We’d like to avoid a copy and pass the underlying array data directly to write. One option is to use the data attribute, another is to use ctypes as suggested by an answer to ‘How to convert numpy arrays to bytes/BytesIO without copying?’:

import ctypes

def write_via_data_attr(buffer):
    sink_video.write(buffer.data)

def write_via_ctypes(buffer):
    buffer_ctype = ctypes.c_char * (width * height * 3)
    memory_block = (buffer_ctype).from_address(buffer.ctypes.data)
    sink_video.write(memory_block)

Using cProfile.run('run_n_frame(200, <each write fn>)) the elapsed time for each method (per frame) was:

tobytes data ctypes
5.08ms 1.02ms 1.08ms

This confirms that tobytes creates more work via a copy. I can’t think of any reason to prefer the ctypes approach to using the data attribute, so I would recommend the latter as it appears simpler.

Conclusions

This was hard and documentation 📚 was patchy at best, in summary:

  1. The success of the LIVE_STREAM mode in MediaPipe was a fluke 🍀. It is not documented that this should use less CPU.

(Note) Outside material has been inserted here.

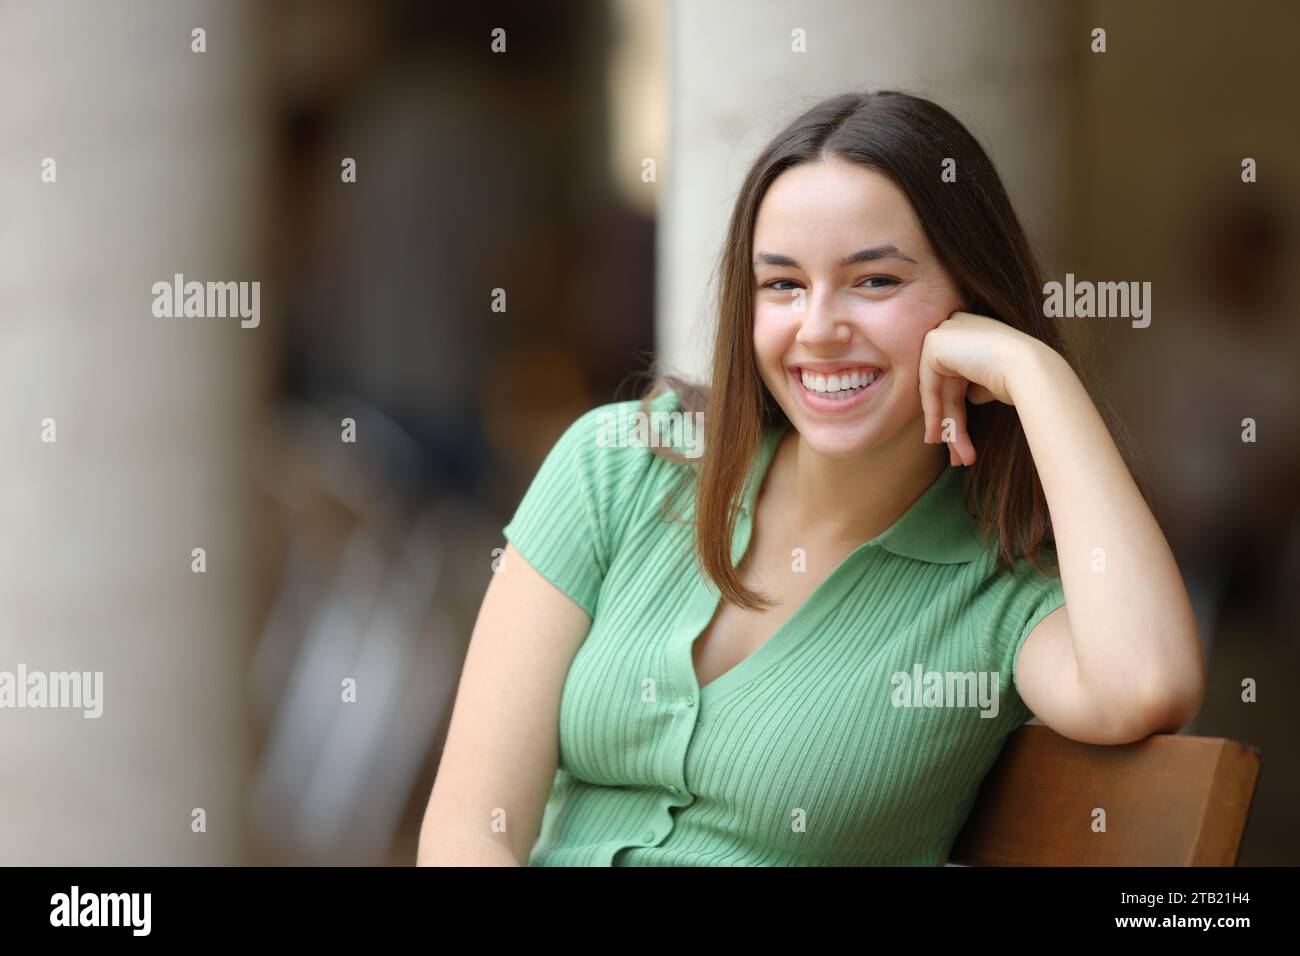 Happy woman laughing looking at camera sitting on a bench in the street Stock Photo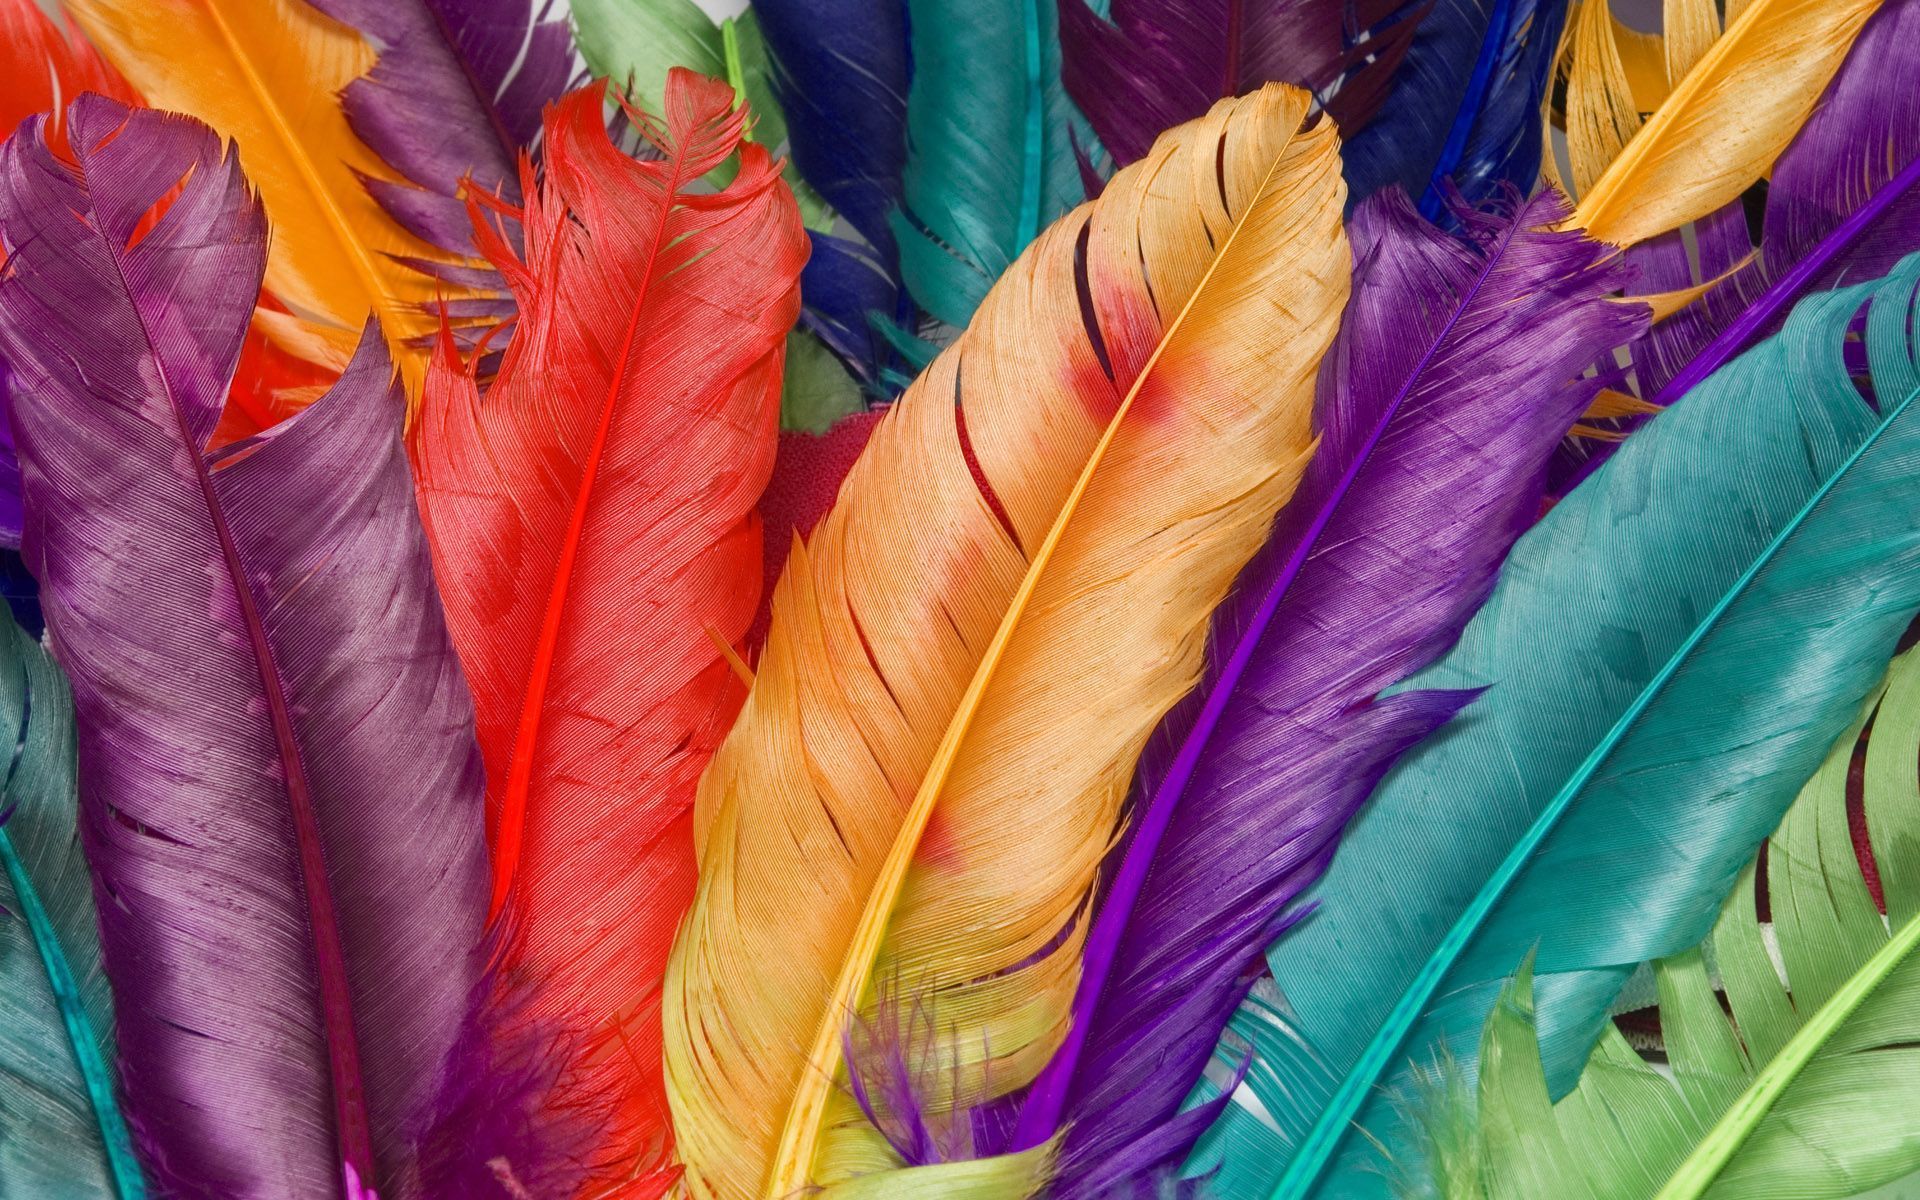 Feather Desktop Wallpaper, Feather Images Free, New Wallpapers

  2. The OpenCV documentation also doesn’t demonstrate successful vs unsuccessful ‘in place’ usage and the requirements for continuous memory are not in the OpenCV Python binding guide. Elsewhere in the optimisation recommendations it provides the potentially bad advice:

    Never make copies of an array unless it is necessary. Try to use views instead. Array copying is a costly operation.

    NOTE: We have shown that using a view as an input argument will create a copy if the view is not continuous

  3. numpy and Python’s assignment syntax is a source of amusement. copyto can degrade performance of out-of-place operations in other parts of the code, y[:] = seems more reliable.

  4. numpy appears to take advantage of vectorisation when operations are on continuous blocks of memory, eliding or copying to a continous block (then copying back, provided everything is re-used) can be faster. None of this is documented clearly.

That’s all I’ve got for now.

Update: I was going to return to linuxgreenscreen to cover using memory mapped files supplied by v4l2 to reduce the number of copy operations further, however I contacted Tiago Cutinho and we worked out how to incorporate this into linuxpy. I’ll revisit this again when I start work on an OBS plugin.

👋